→ **TASK DESCRIPTION**
Lines from the one containing "Planet Earth Wallpapers HD - WallpaperSafari" through the last line of the data are to be returned exactly, both ends included, minus any pictures.

→ **GIVEN MATERIAL**
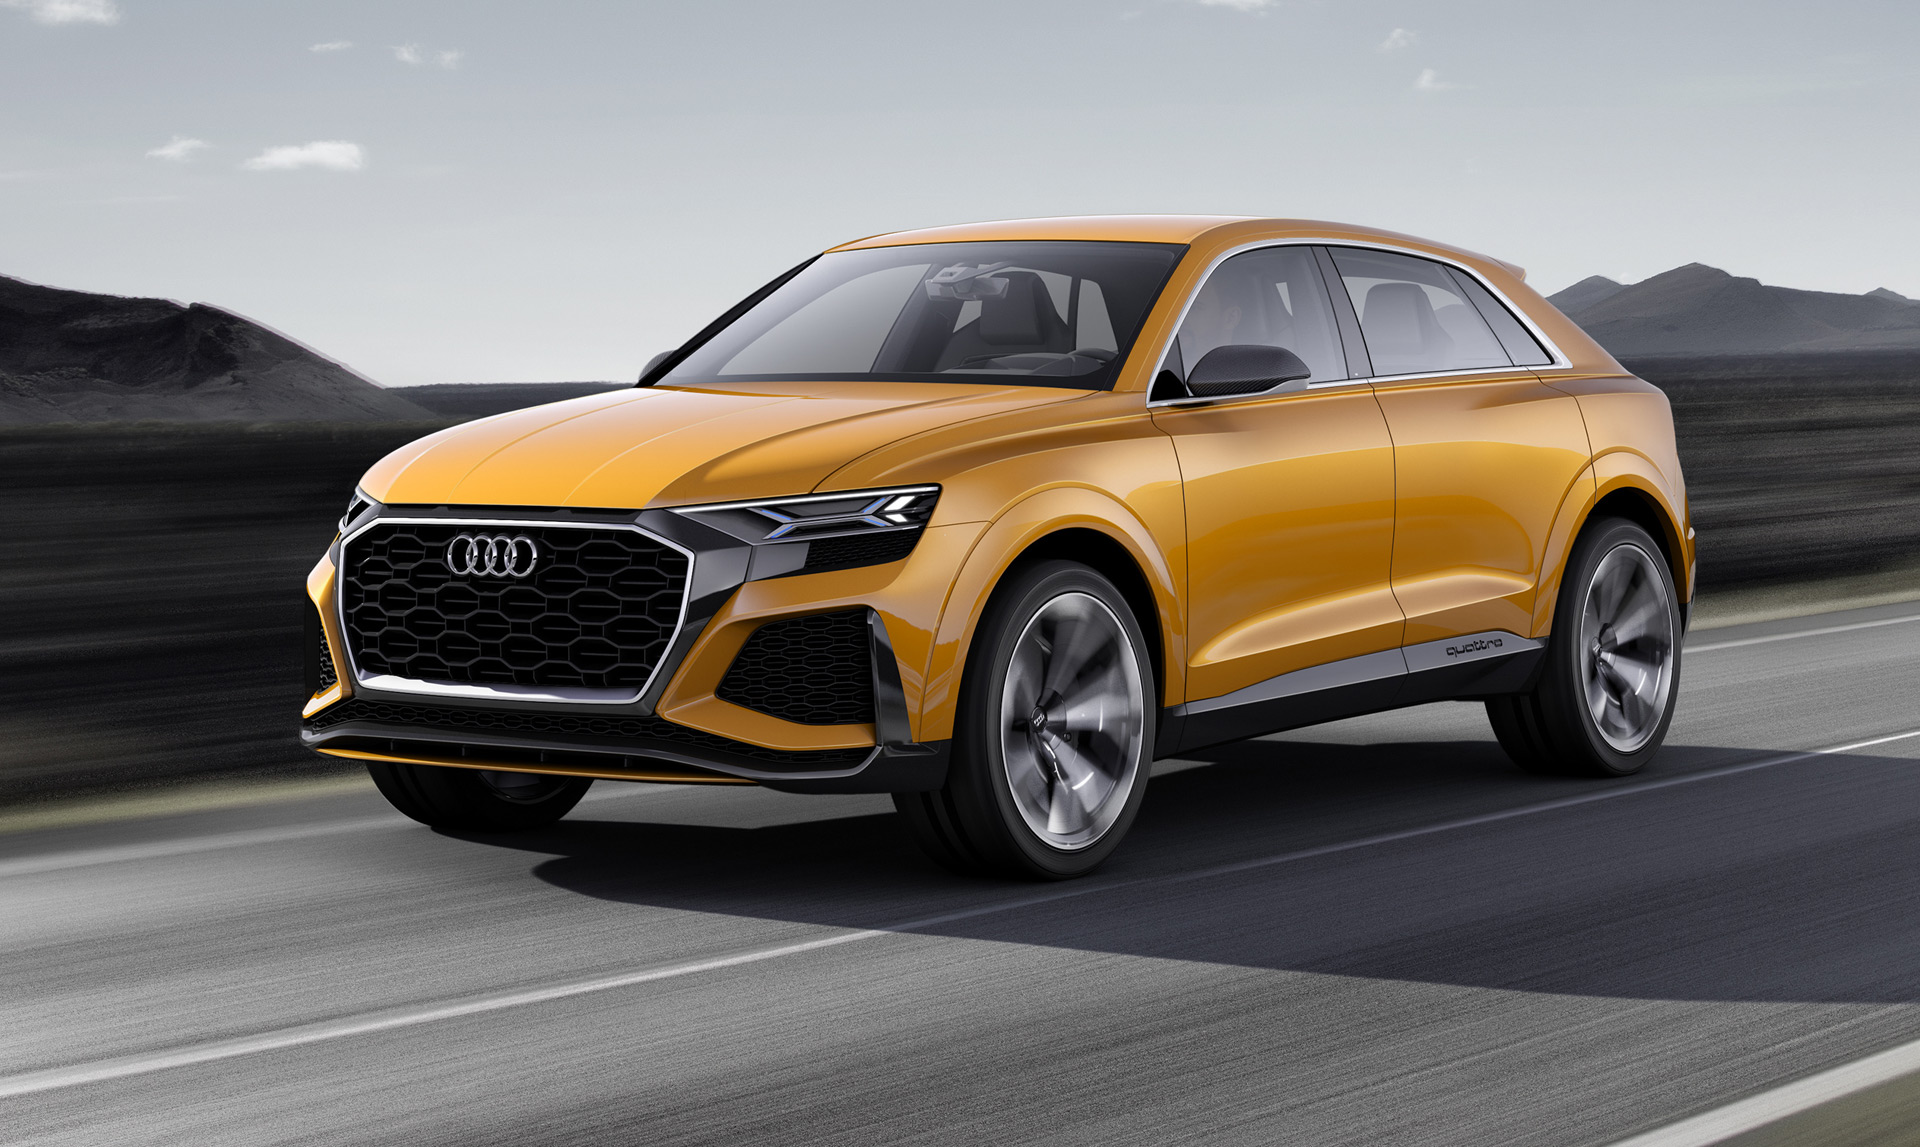 Audi Suv Models >> Most New Audi Rs Models Will Be Suvs
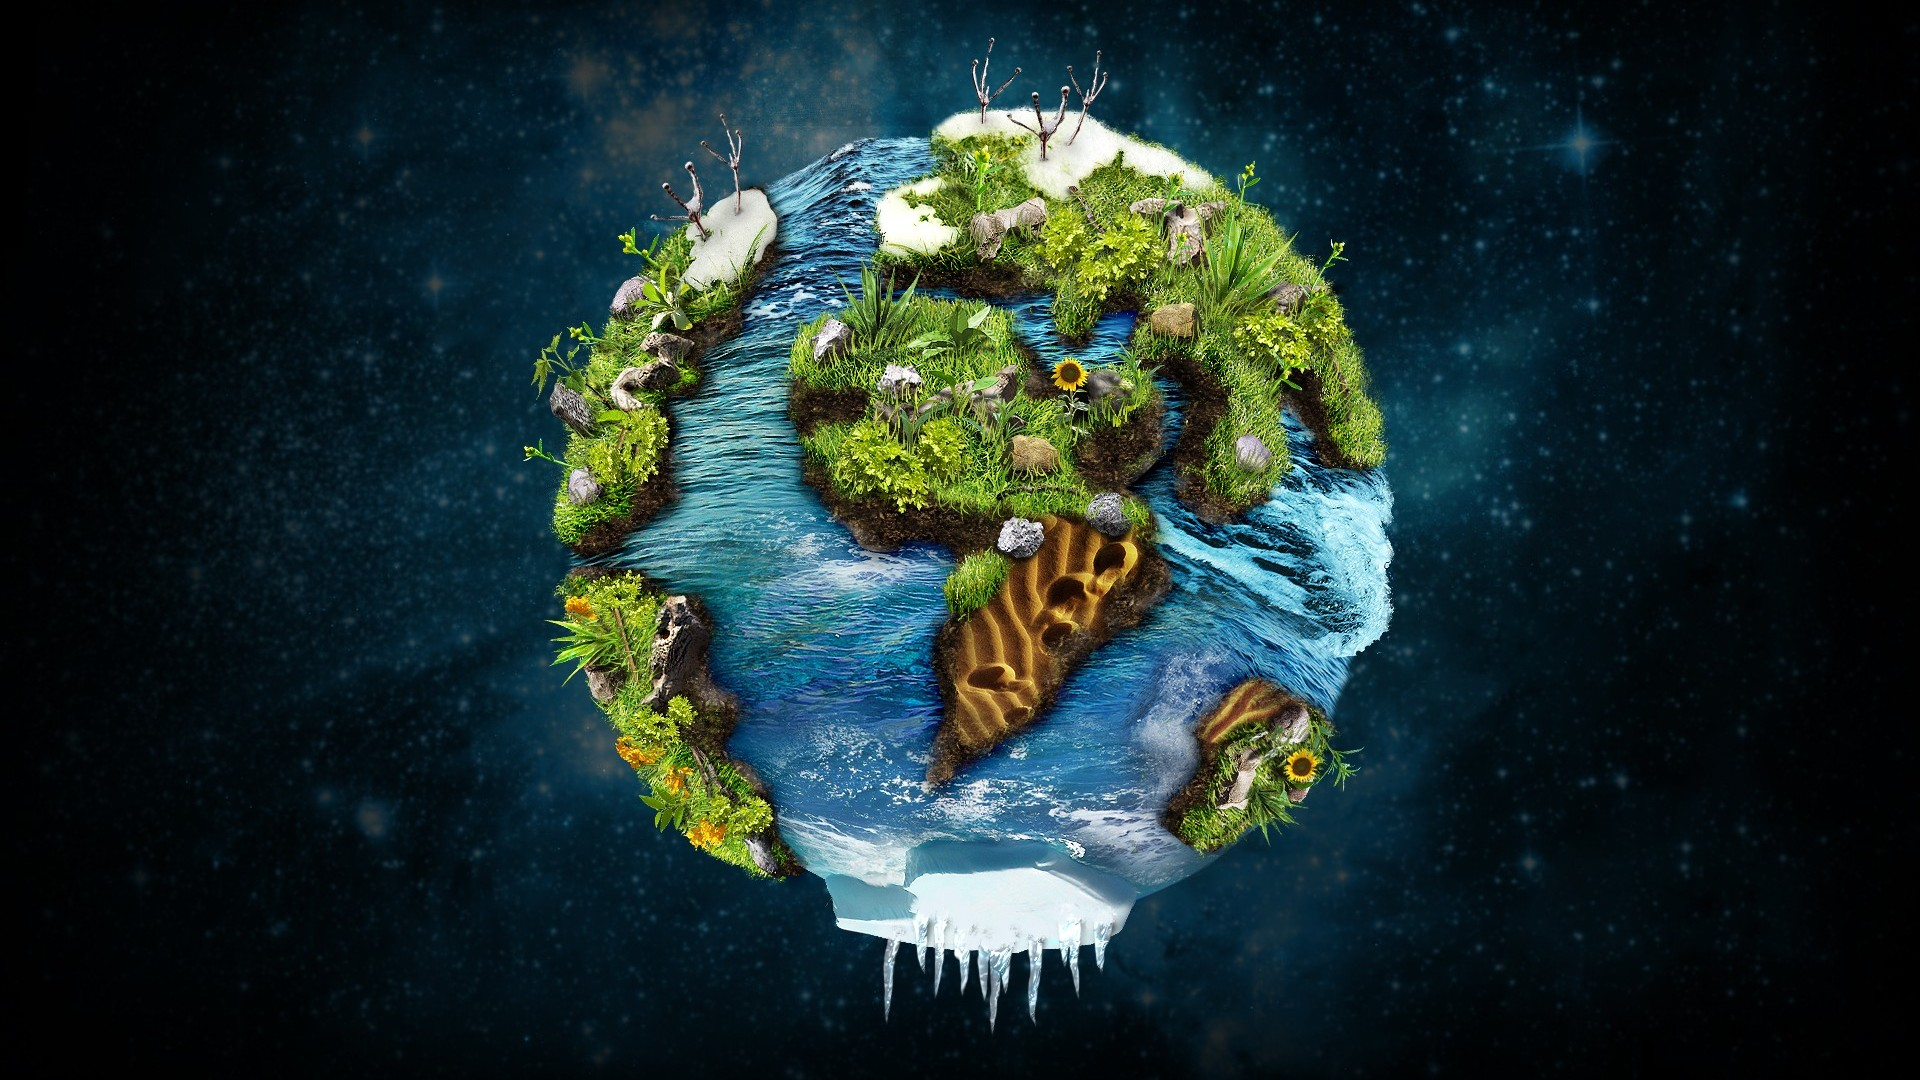 Planet Earth Wallpapers HD - WallpaperSafari
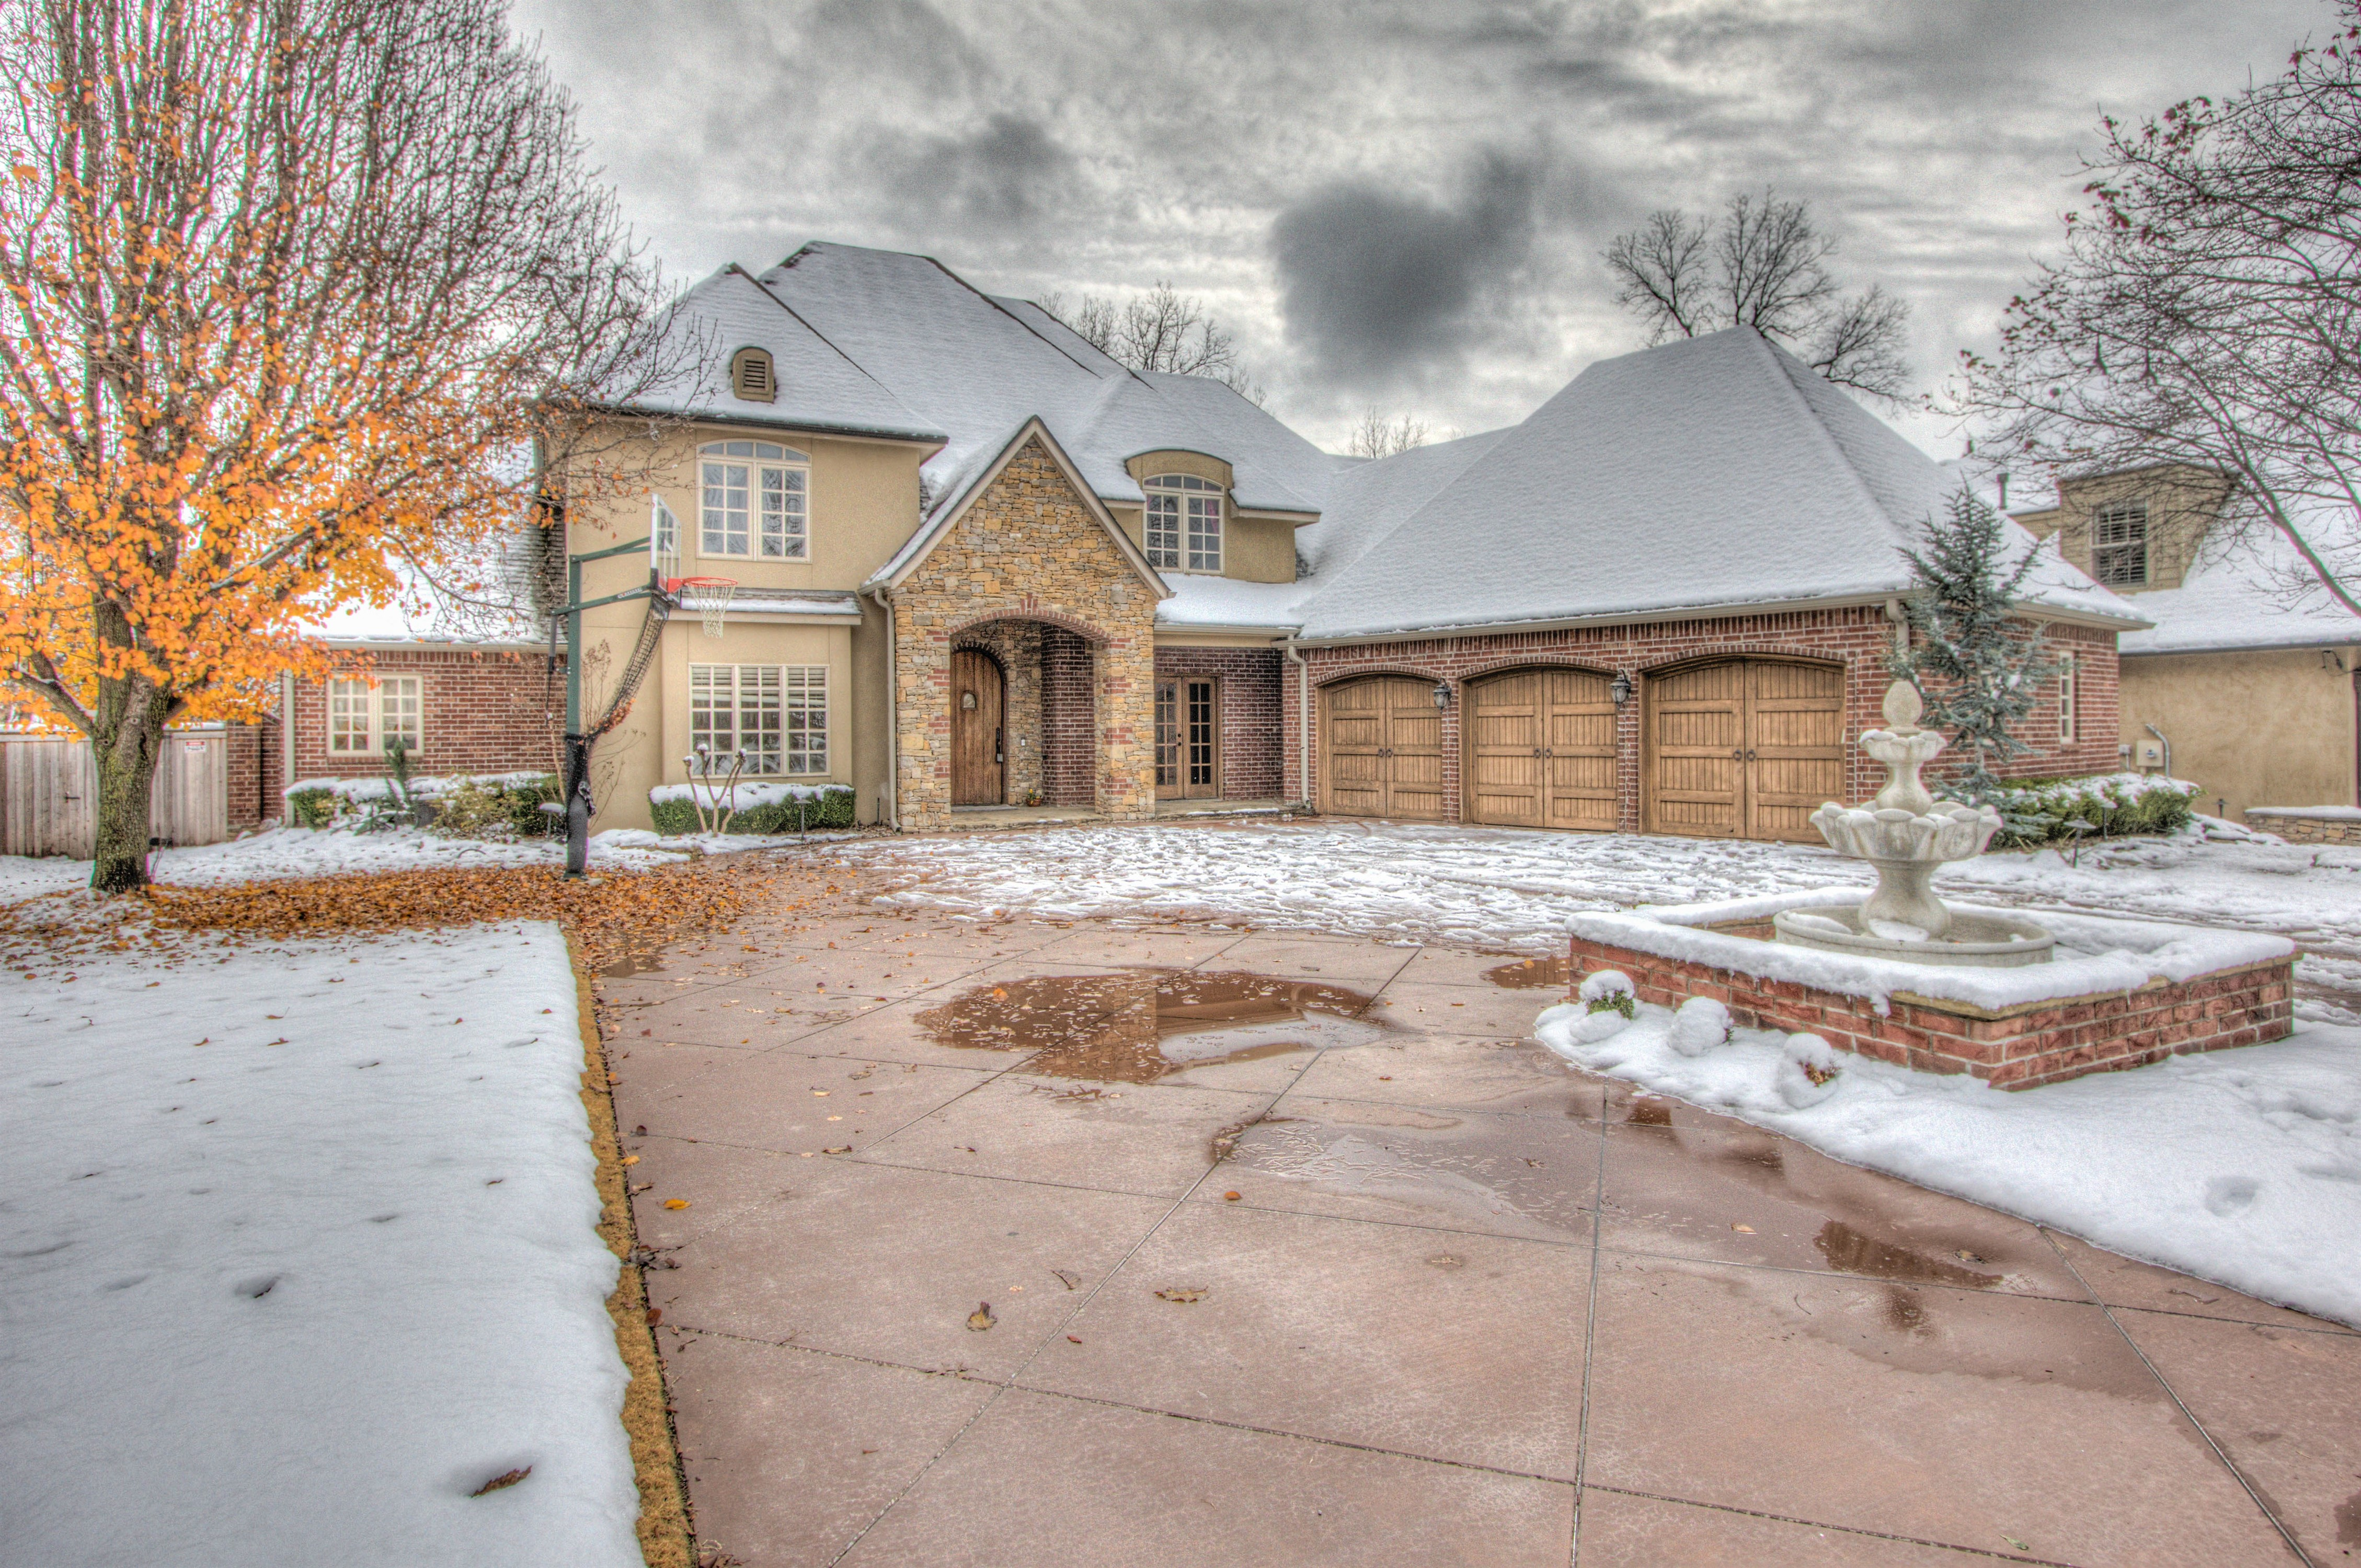 10625 S 91st East Avenue Property Photo 1

→ **YOUR SOLUTION**
 Planet Earth Wallpapers HD - WallpaperSafari
 10625 S 91st East Avenue Property Photo 1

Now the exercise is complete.